И нашлись старатели-копатели такую Идею сочинять. Только — зря. Уже бесповоротно стало ясно, что эта власть не изберёт национальной идеей — Сбережение Народа.
* * *Тогда как в странах Восточной Европы установились открыто национальные правительства (и никто их за это не корит); тогда как власти республик СНГ, да и всех автономий в России, напряжённо заняты сохранением своего коренного народа (и повсюду считают это естественным), — у всего комплекса нынешних центральных российских властей — отсохло, отвалилось, да не произрастало никогда, внимание к существенным нуждам русского народа. (Одним патриотическим названием загородной резиденции или очередного ордена — ничего не изменишь.) Чего за душой нет — того к коже не пришьёшь. Наши центральные властные круги — и уже не в первую, ох, не в первую смену — к собственно русским проблемам нацело равнодушны, если ещё не льют кровь русской юности, как в Чечне, или не попускают затемнять юные души.

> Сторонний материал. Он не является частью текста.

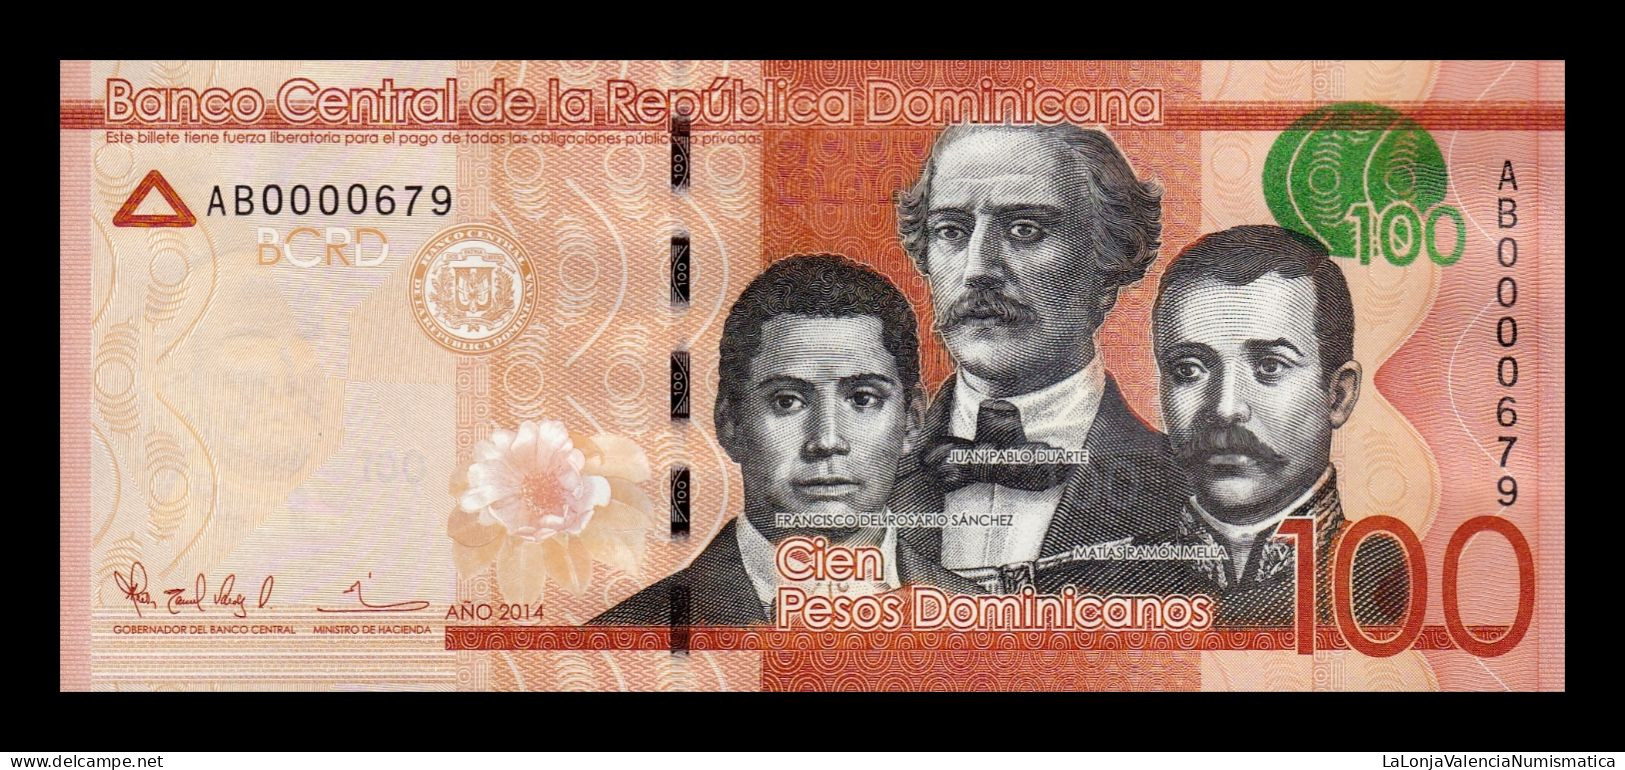 República Dominicana 100 Pesos Dominicanos 2014 Pick 190a Low Serial 661 Sc Unc - Dominicana

А меньше всего заботятся — о 25 миллионах земляков, впопыхах к независимости отмежёванных от нас.
Отмежёванные
9. Чужеземцы в 24 часа
«Русский, езжай своя Россия!», «Убирайтесь, пока всех не перережем!», «Пошли вон с нашей земли, проклятые!». А в Средней Азии выставляли и такой лозунг: «Оставайтесь тут, нам нужны рабы!» Оскорбляли на улицах, в трамваях, в самых людных местах, приставали к женщинам. От русских из азиатских республик я получал об этом письма ещё в Вермонте, потом много больше в России.
Живя на своих привычных местах, где провели они всю жизнь, а то и отцы-деды их, — проснувшись в своих домах, внезапно узнали, что они живут — за границей, нежеланные, теснимые и даже ненавистные чужеземцы. Как можно освоиться с таким? переработать в сердце, в груди, в голове? Советская «дружба народов», о которой столько мы слышали од и баллад, — вмиг оскалилась с враждебностью, подавлявшейся, но, значит, никогда и не затихавшей. (И глубже в историю: значит, и за столетия совместной жизни мы не расположили к себе эти восточные народы. А — возможно ли такое вообще? Много ли мы видим иных примеров по земному шару? Хорошее — принимается как должное и легко забывается; плохое — питает жар национальных обид.)
Кто были эти наши соотечественники, осевшие на окраинах? Из ссыльных, из эвакуированных или из посланных — лучшие работники, инициативные, сметливые, профессиональные, с повышенной долей специалистов средь них. Это они принесли на окраину науку и высокую культуру, это они развили там всю технику, индустриализацию. (В Таджикистане, по официальным советским данным, после революции «поднялось производство в 210 раз»! — уж каким бы методом ни считано, а: из ничего создали всё.) Или множество сосланных «раскулаченных» и их потомки — никак не худшие труженики, неленивые, работящие, непьющие. (Вспоминаю республиканскую онкологическую больницу в Ташкенте, где я лежал: ведь вся она держалась только русскими переселенцами да ссыльными.) И теперь поднималась волна выживания прочь, отъёма квартир, земельных участков. И смеются над ними, что Россия бросила их беззащитными. Сплошь выталкивают с должностей высокооплачиваемых на оплачиваемые низко. Даже в столичном Ташкенте на русском кладбище ломают ограды могил, портят или расхищают надгробия. Резко оттеснили русскую молодёжь от институтов. Русские школы ограничивают или вовсе закрывают. Русский язык как язык обучения — во всех государствах СНГ вытесняется, историю преподают в трактовке «титульной» нации. А годы, вот, утекают — уже протекло таких 7 лет, немного до полной школьной жизни ученика. И таких российских школьников в СНГ — миллионы.